In the material below, find the line containing "haikyu hd wallpaper" and the line containing "instalar Kodi Android 2017". Output those two lines and all lines between them exactly, without pictures.

** The data **
-.-.-

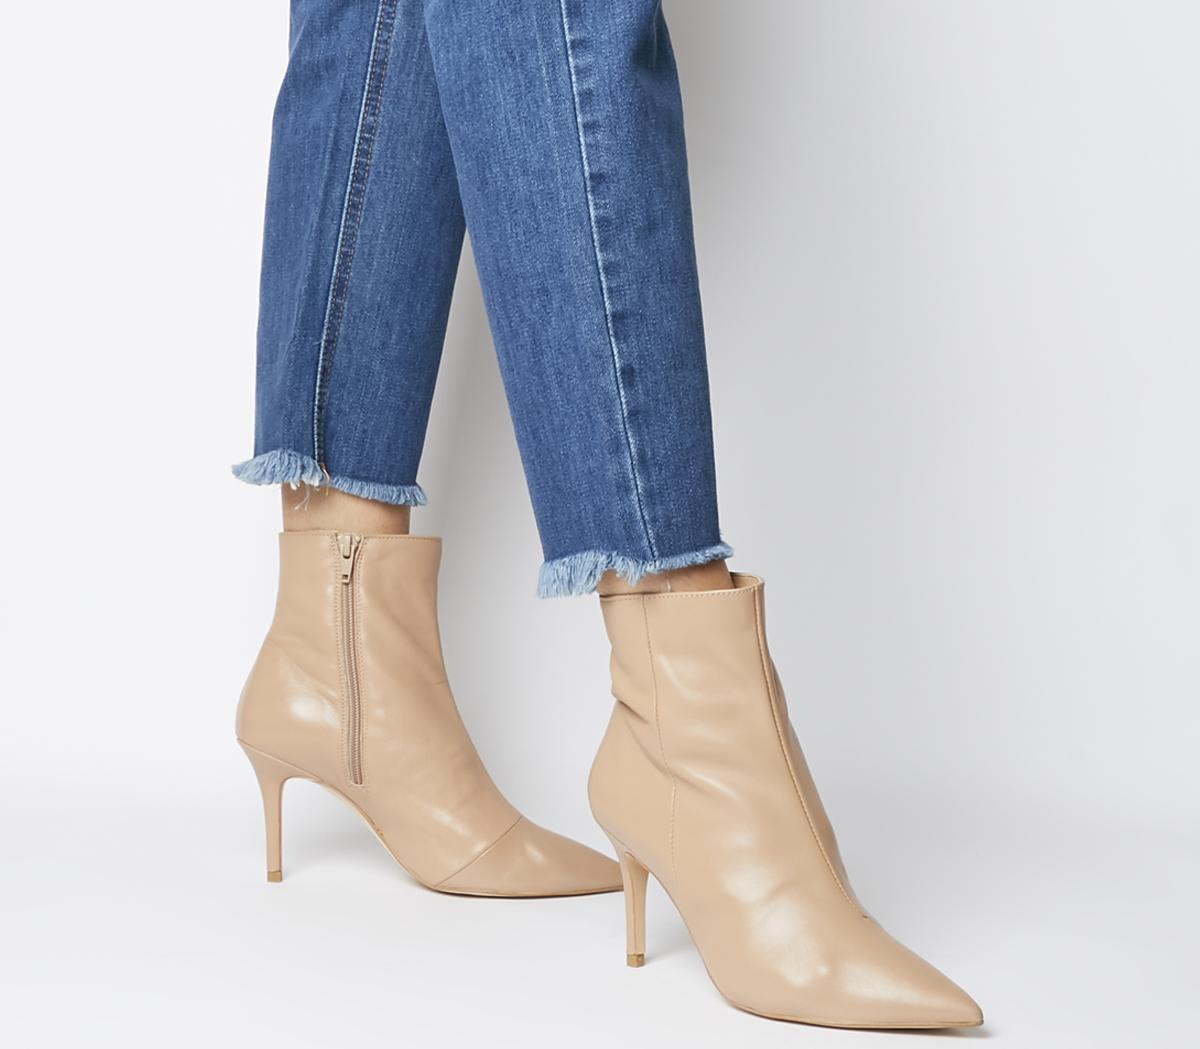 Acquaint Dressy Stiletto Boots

-.-.-

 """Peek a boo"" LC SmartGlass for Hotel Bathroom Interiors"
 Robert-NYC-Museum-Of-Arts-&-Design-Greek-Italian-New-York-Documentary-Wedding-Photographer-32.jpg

-.-.-

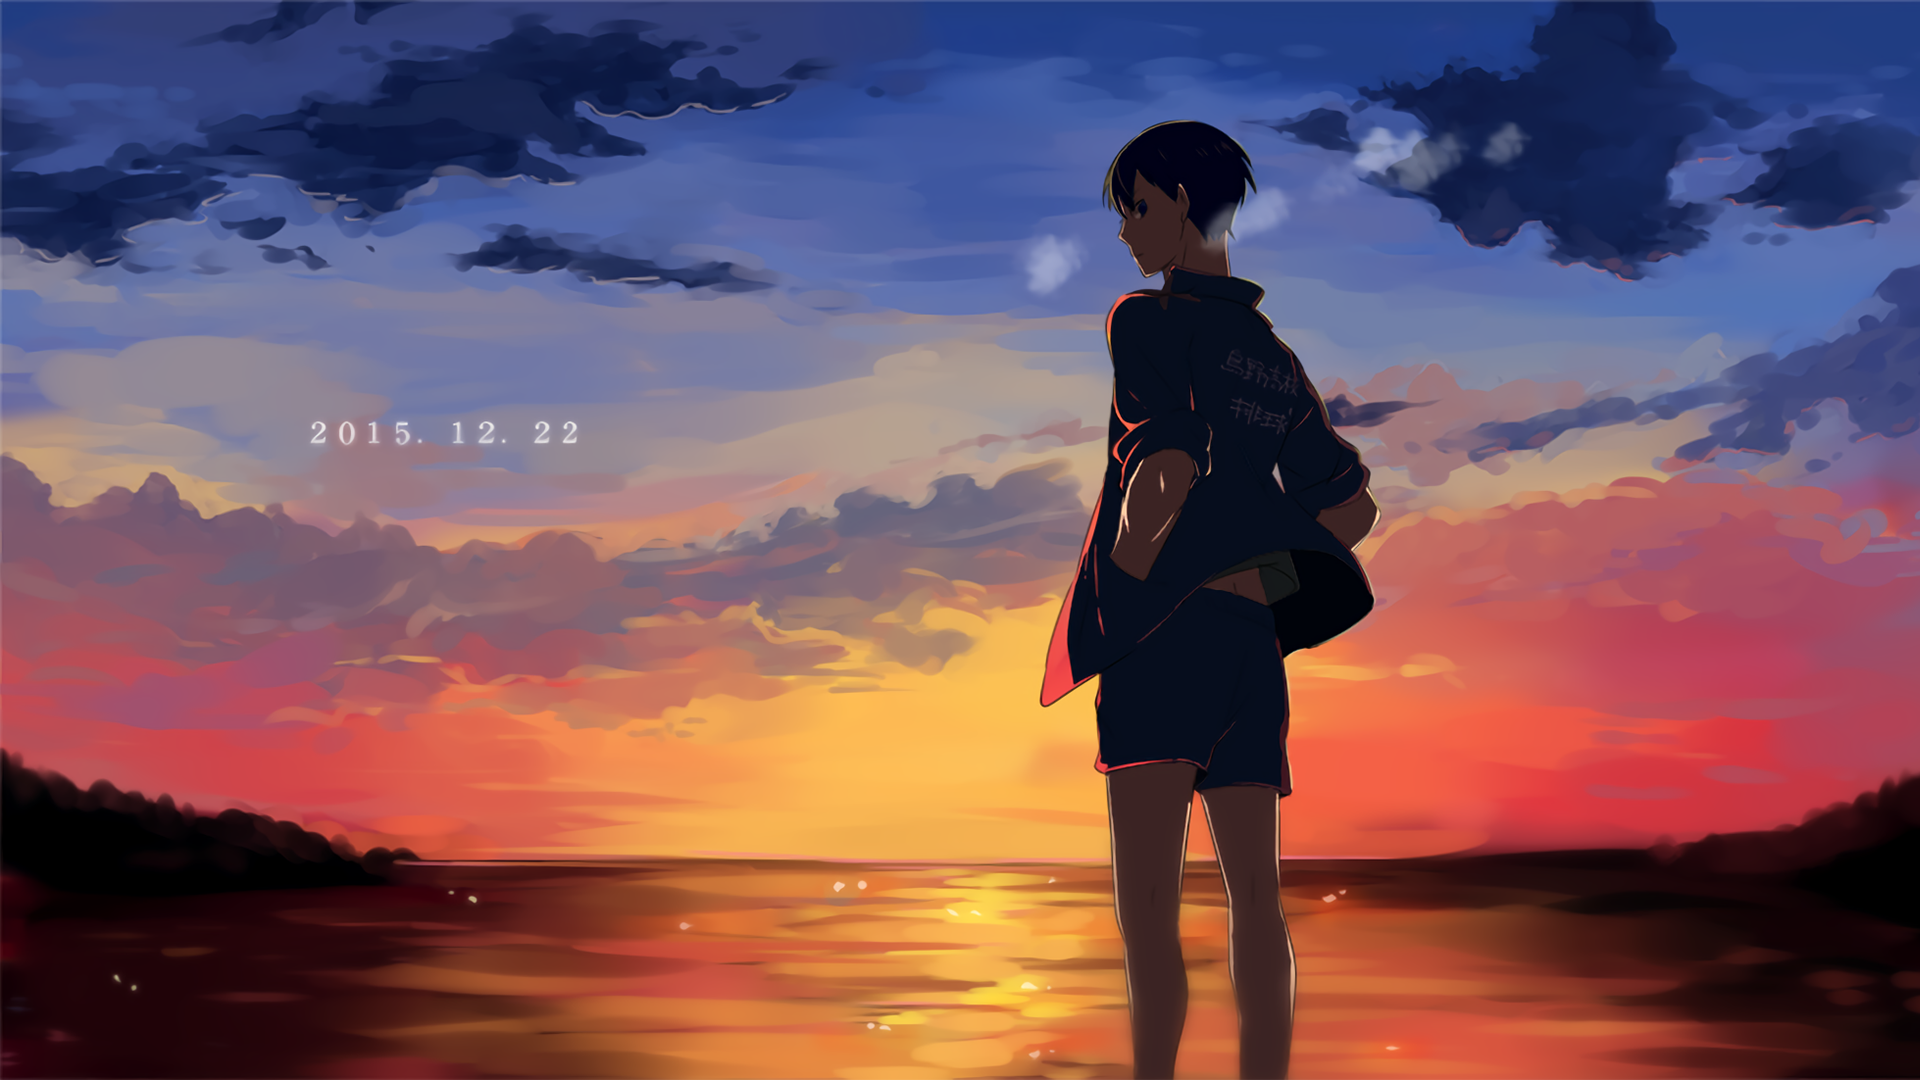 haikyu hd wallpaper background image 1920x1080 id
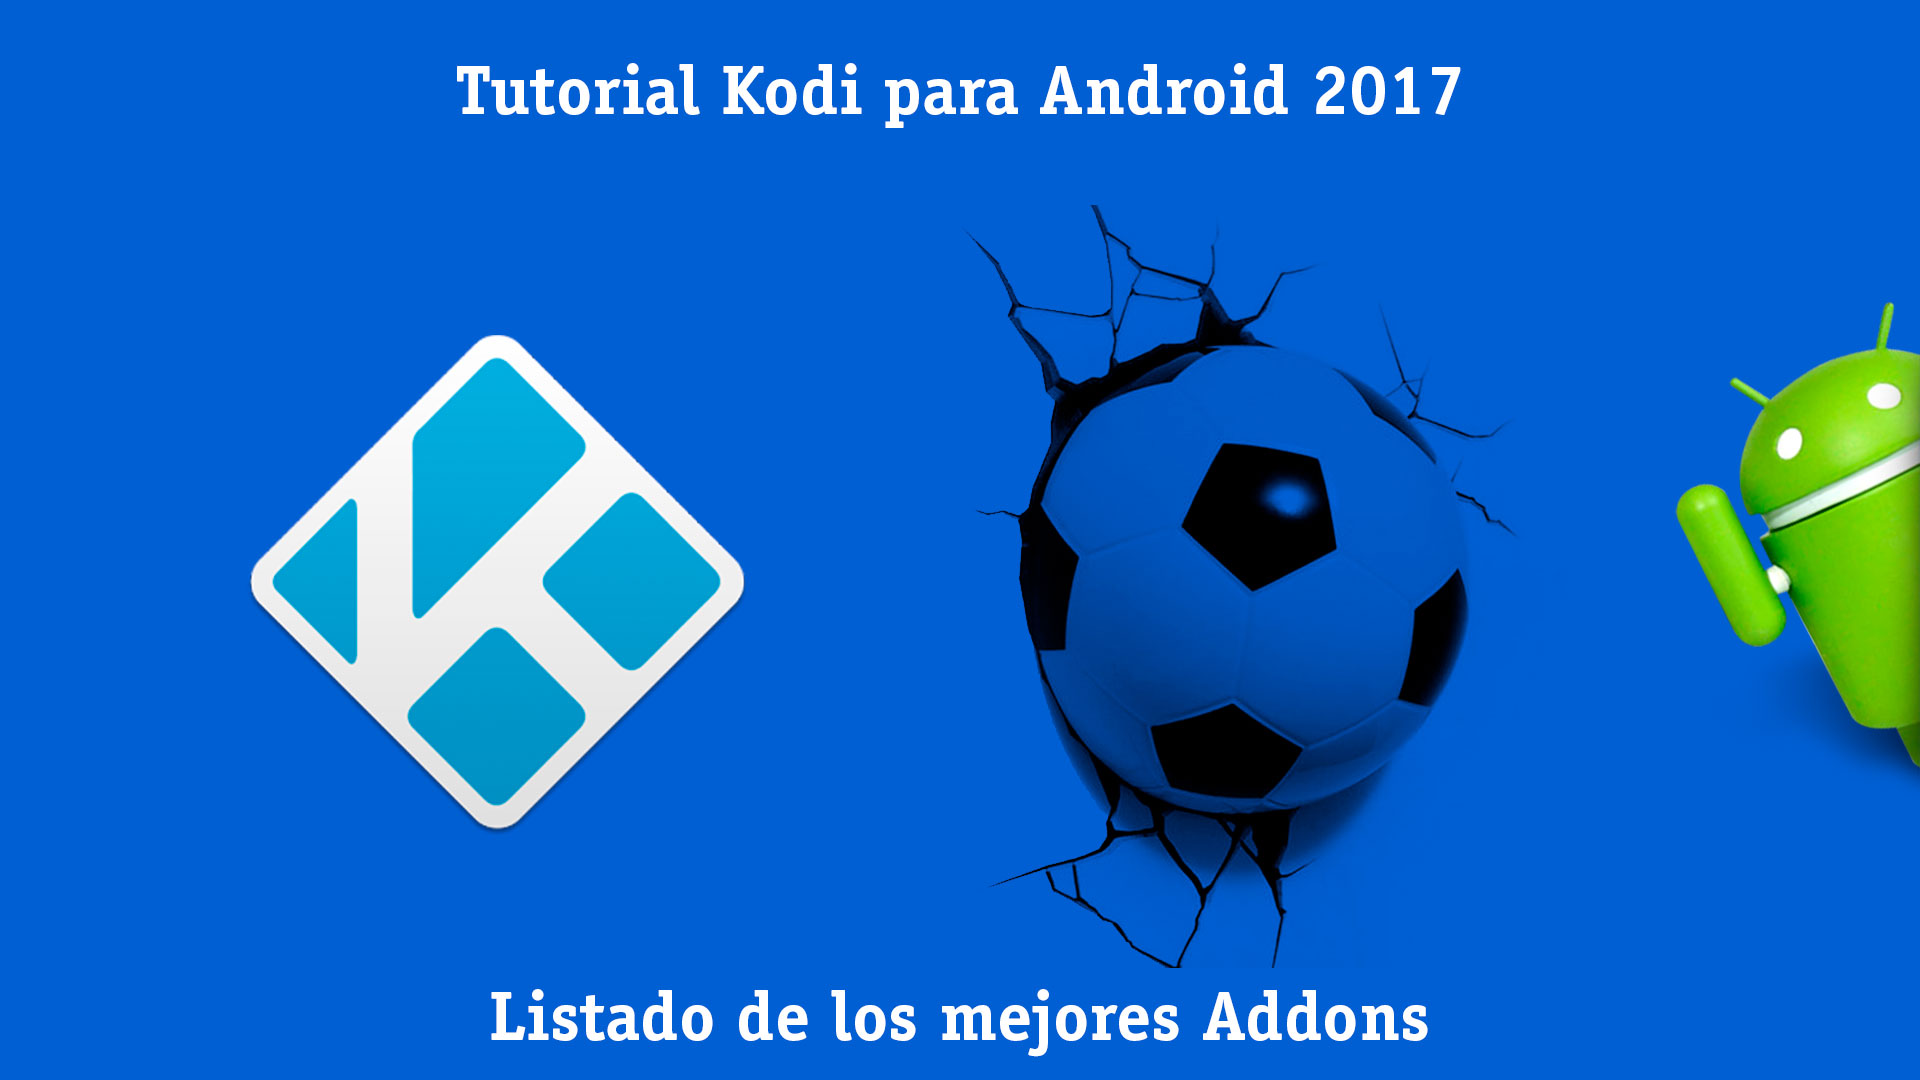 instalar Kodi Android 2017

-.-.-

** Completed exercise **
 haikyu hd wallpaper background image 1920x1080 id
 instalar Kodi Android 2017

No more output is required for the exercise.